A "uberização" do trabalho na era tecnológica: precarização ou liberdade?
Enviada em 14/11/2021
Na música “ Música do Trabalho”, a banda Legião Urbana retrata a vida de um trabalhador e de como o trabalho dignifica e nos integra na sociedade. Em busca dessa dignificação e integração, muitas pessoas recorrem ao emprego de motorista de aplicativo, assim, abrindo mão de seus direitos trabalhistas porém recebendo a promessa de uma liberdade que ao decorrer do tempo se mostra falsa.
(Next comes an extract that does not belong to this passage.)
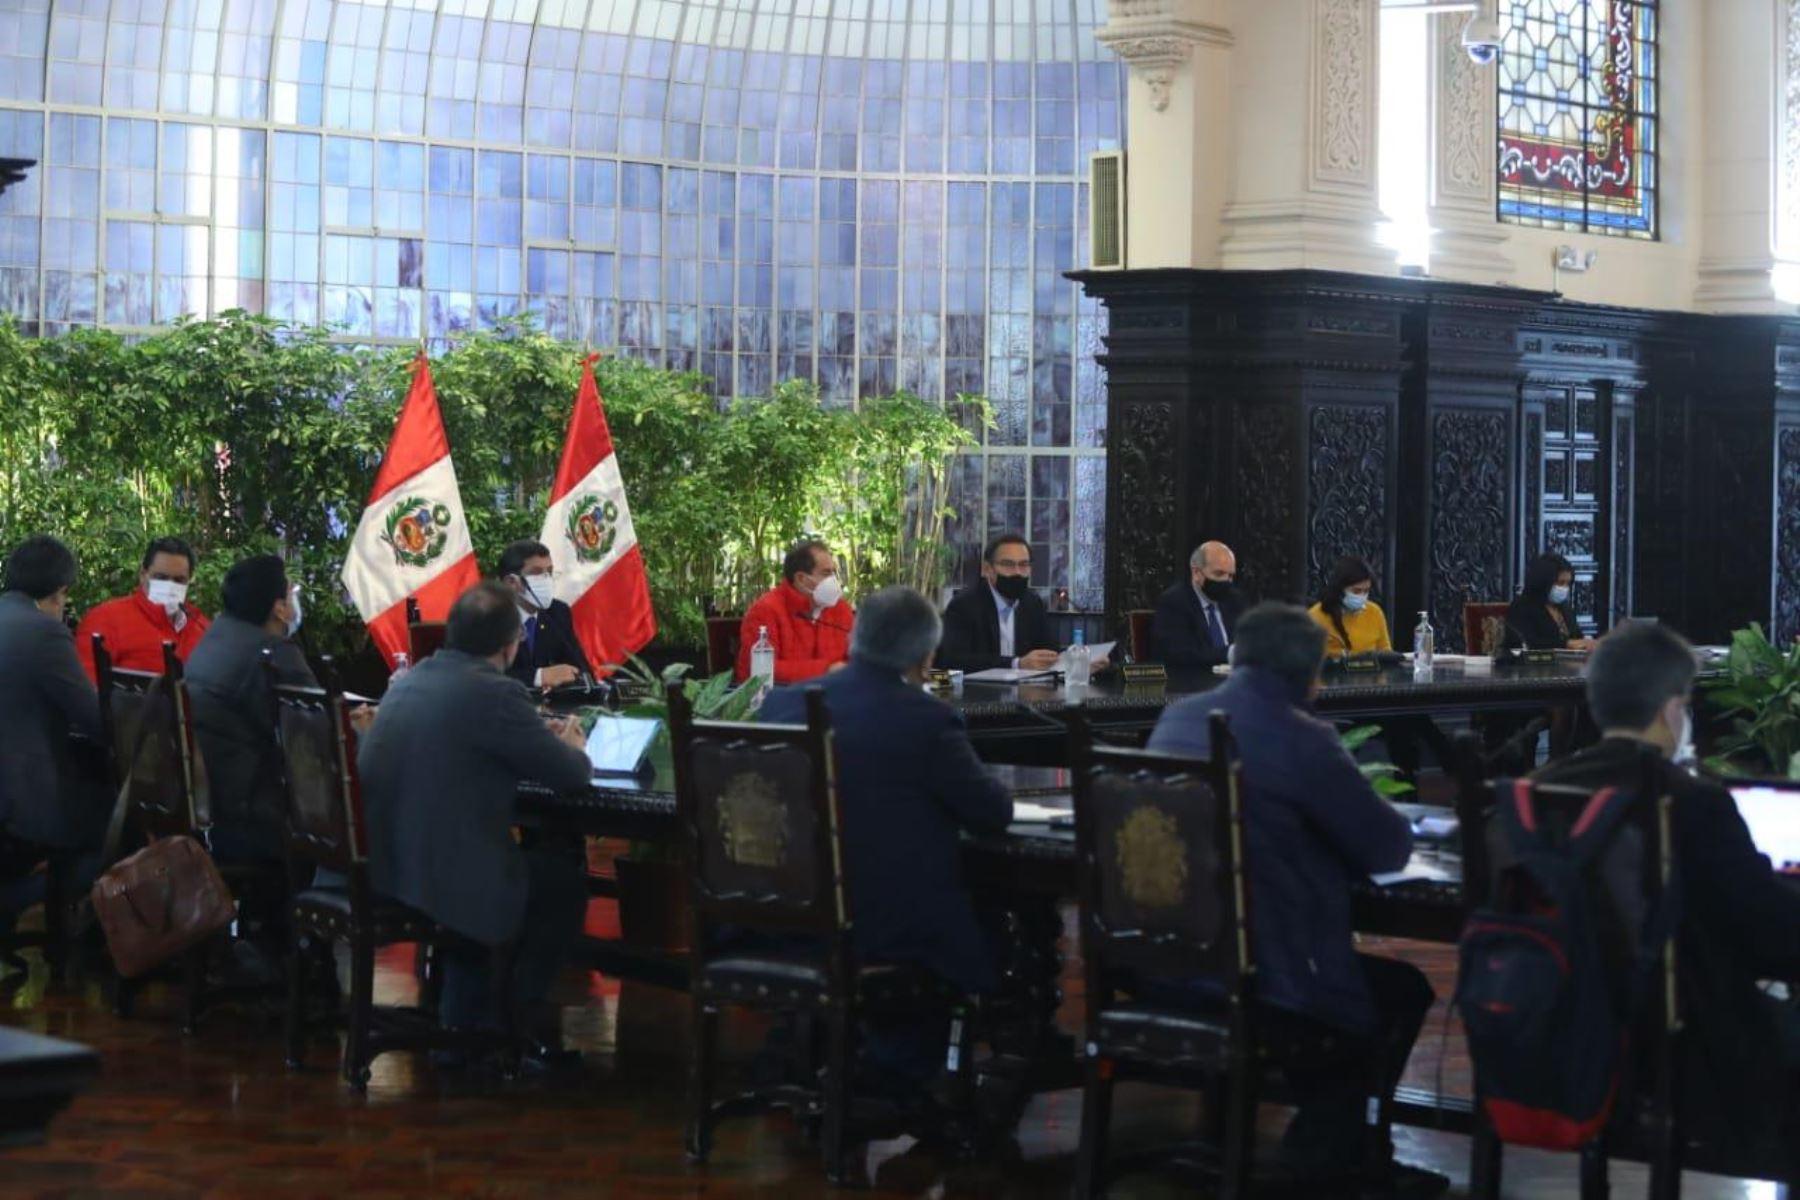 El presidente Martin Vizcarra, junto al titular de la PCM, Walter Martos, lidera la sesión de Consejo de Ministros en Palacio de Gobierno, donde se articulan las acciones inmediatas contra la pandemia y los temas prioritario del Estado. Foto: @pcmperu

Em primeiro lugar, deve- se apontar que a relação entre os motoristas e os aplicativos não se caracteriza como a de empregado- empregador mas a de parceria, onde não existe obrigatoriedade no cumprimento de leis trabalhistas. Criada durante a Era Vargas, a Consolidação das Leis Trabalhistas (CLT) é um conjunto de leis que protege e assegura aos trabalhadores direitos como, por exemplo, seguro-desemprego. No entanto, em decorrência da relação de parceria supracitada, os motoristas estão isentos desses benefícios de maneira que, caso sofram danos físicos ou materiais, não receberão nenhum auxílio da empresa na qual é vinculado.
Ademais, merece ser destacado de como o conceito de liberdade é vendido aos motoristas de maneira errônea, visto que, apesar de poderem controlar a hora e o dia em que trabalham, os mesmos não podem controlar o valor da corrida, assim o mesmo ficando sobre responsabilidade da empresa, além disso correm os riscos de serem banidos caso não consigam cumprir com o número máximo de avaliações.
Desse modo, faz- se necessário que o governo proponha soluções que sejam capazes de proteger e assegurar direitos aos motoristas. É importante que o Ministério do Trabalho, juntamente, do Poder Legislativo crie um conjunto de leis trabalhistas voltadas aos motoristas, onde através delas, seja estipulado um salário mínimo que deve ser pago independentemente das horas e dias trabalhados e que obrigue a empresa prestar assistência aos trabalhadores em casos de acidentes ou imprevistos. Dessa forma, o Brasil conseguirá diminuir a precarização e insegurança gerada por essa atividade.